Produce a verbatim transcript of the entries below, excluding pictures.

(Study material)

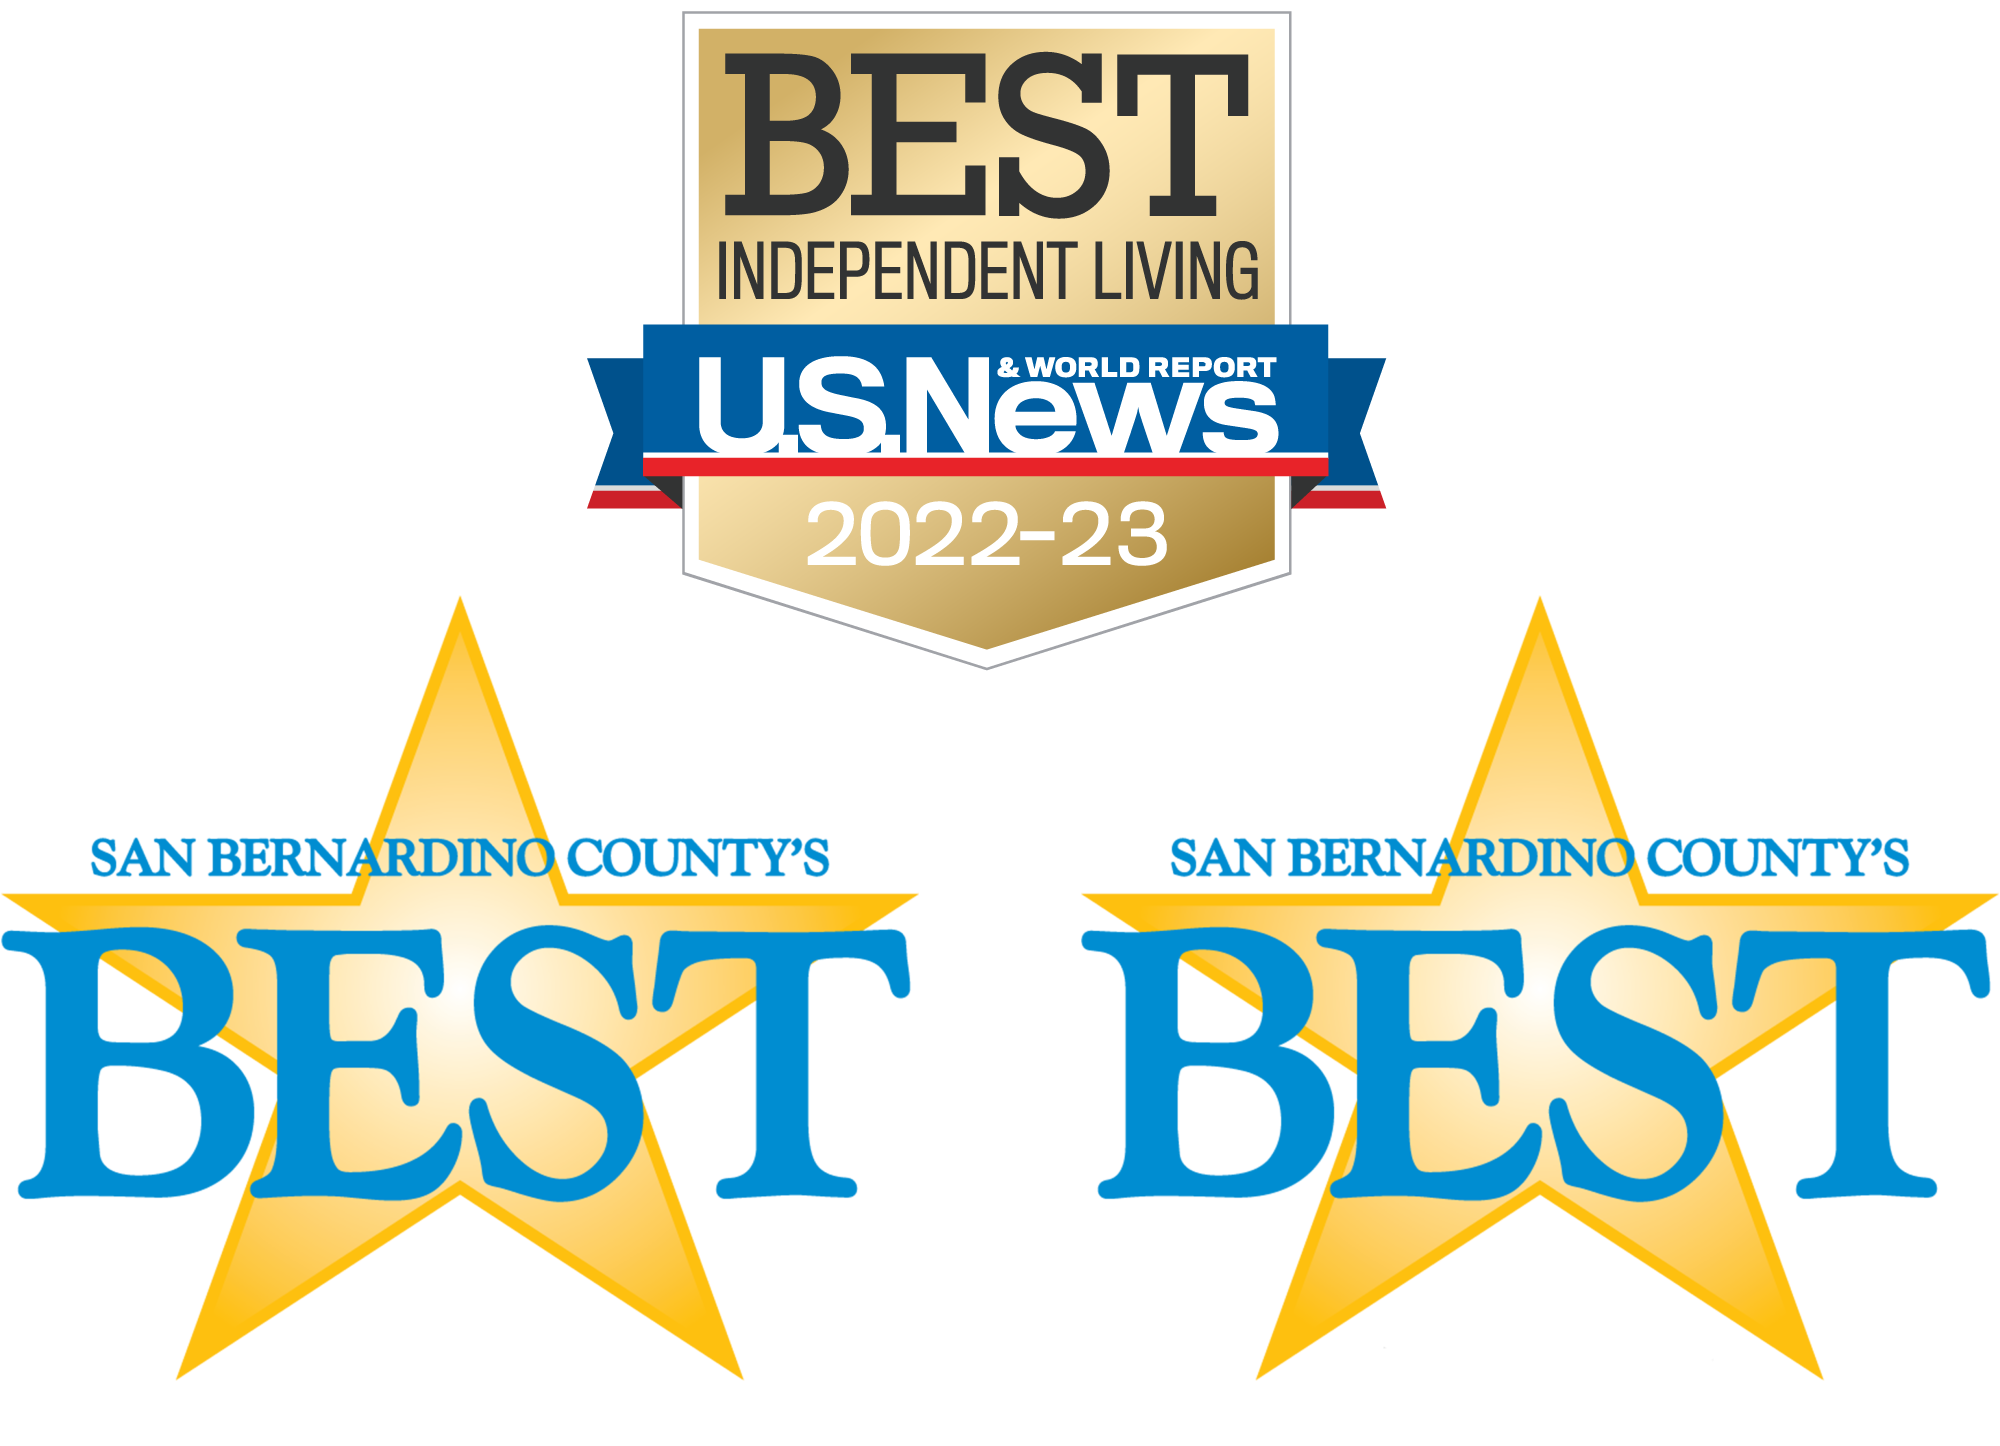 Best Independent Living. U.S. News A World Report. 2022-23. San Bernardino County's BEST 2021 and 2022 The Sun Redlands Daily Facts READERS CHOICE AWARDS.
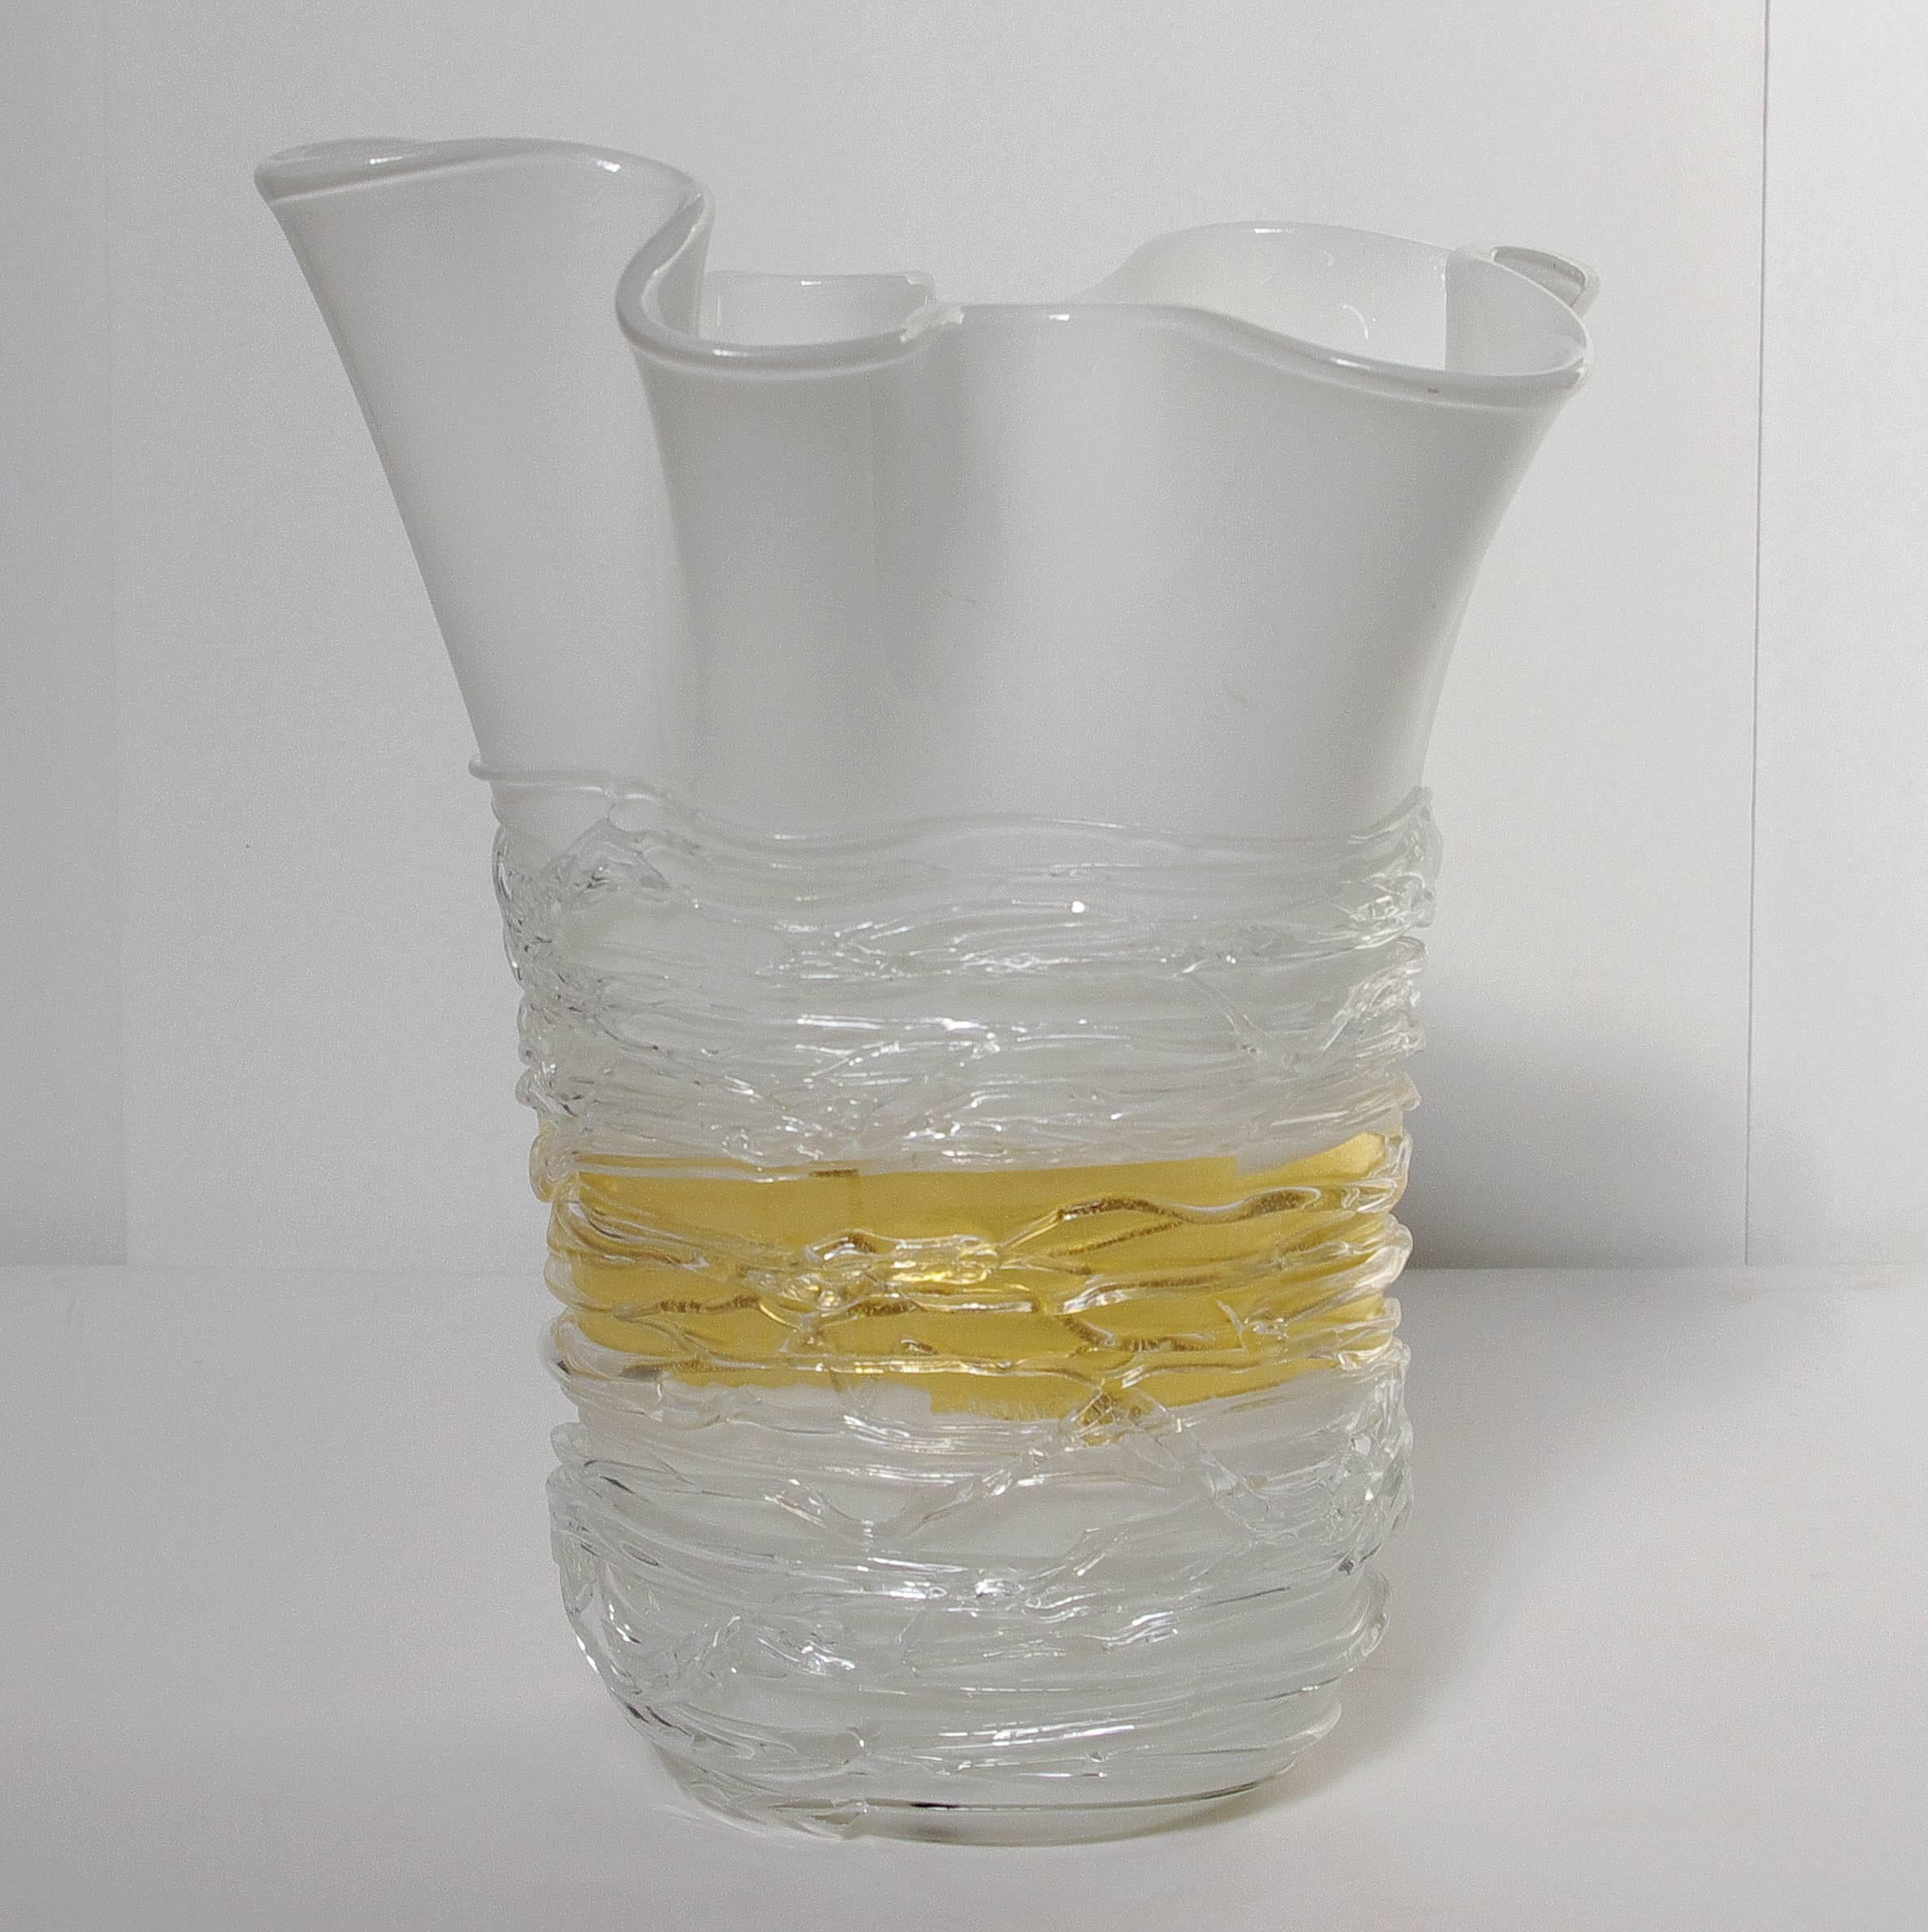 Vintage Italian white and gold Murano glass vase by Camozzo, signed on the base
Made in Italy in the 1960’s
Height: 13 inches / Diameter: 10.5 inches
1 in stock in Palm Springs currently ON 40% OFF SALE for $749!!!
Order Reference #: FABIOLTD
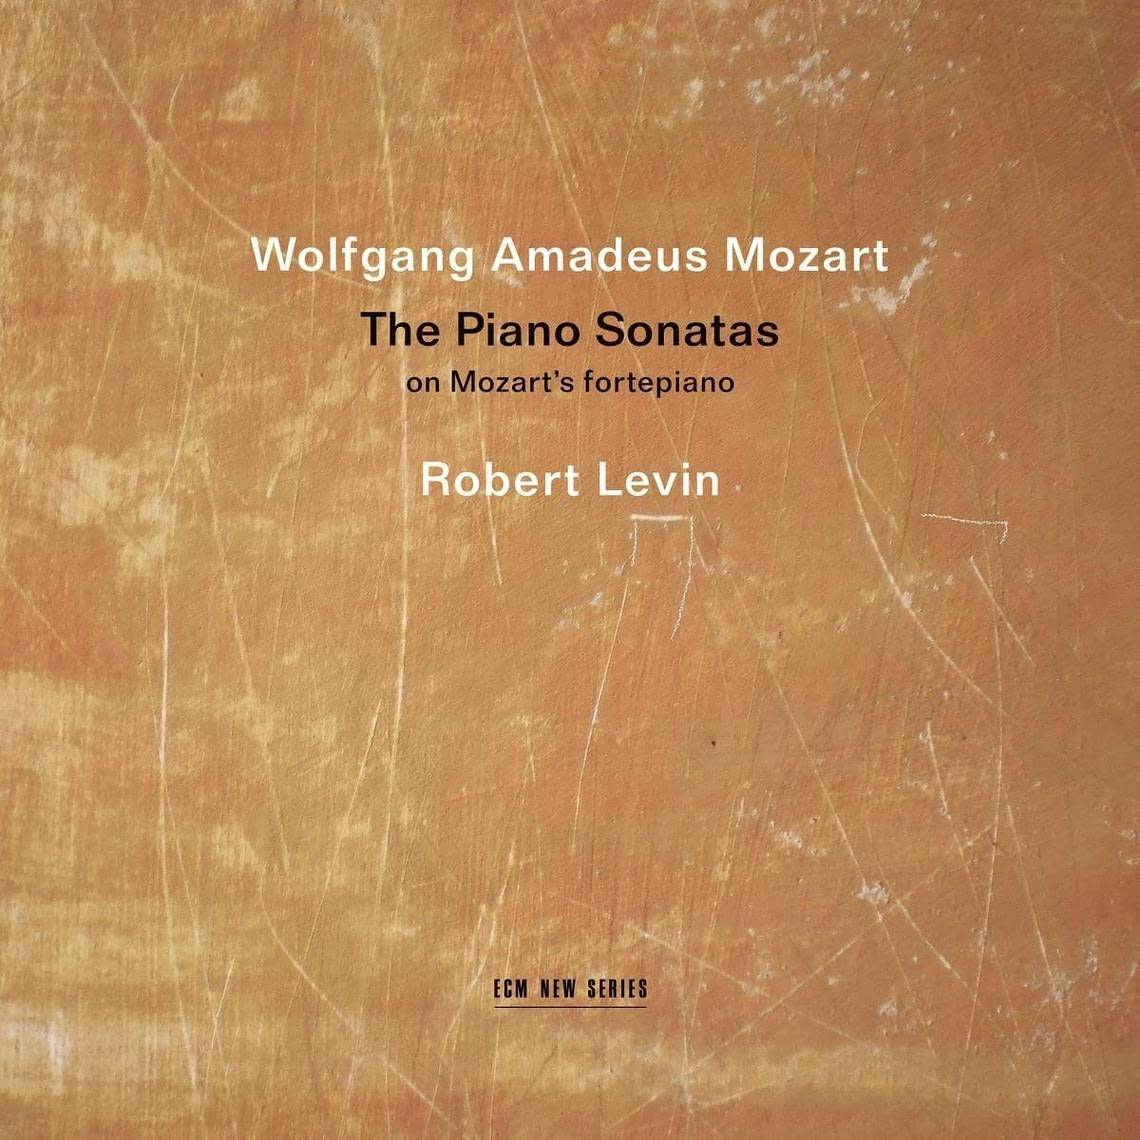 Robert Levin plays on Mozart’s own fortepiano on this box set.

(End Study material)

**Problem solution:**
 Best Independent Living. U.S. News A World Report. 2022-23. San Bernardino County's BEST 2021 and 2022 The Sun Redlands Daily Facts READERS CHOICE AWARDS.
 Vintage Italian white and gold Murano glass vase by Camozzo, signed on the base
Made in Italy in the 1960’s
Height: 13 inches / Diameter: 10.5 inches
1 in stock in Palm Springs currently ON 40% OFF SALE for $749!!!
Order Reference #: FABIOLTD
 Robert Levin plays on Mozart’s own fortepiano on this box set.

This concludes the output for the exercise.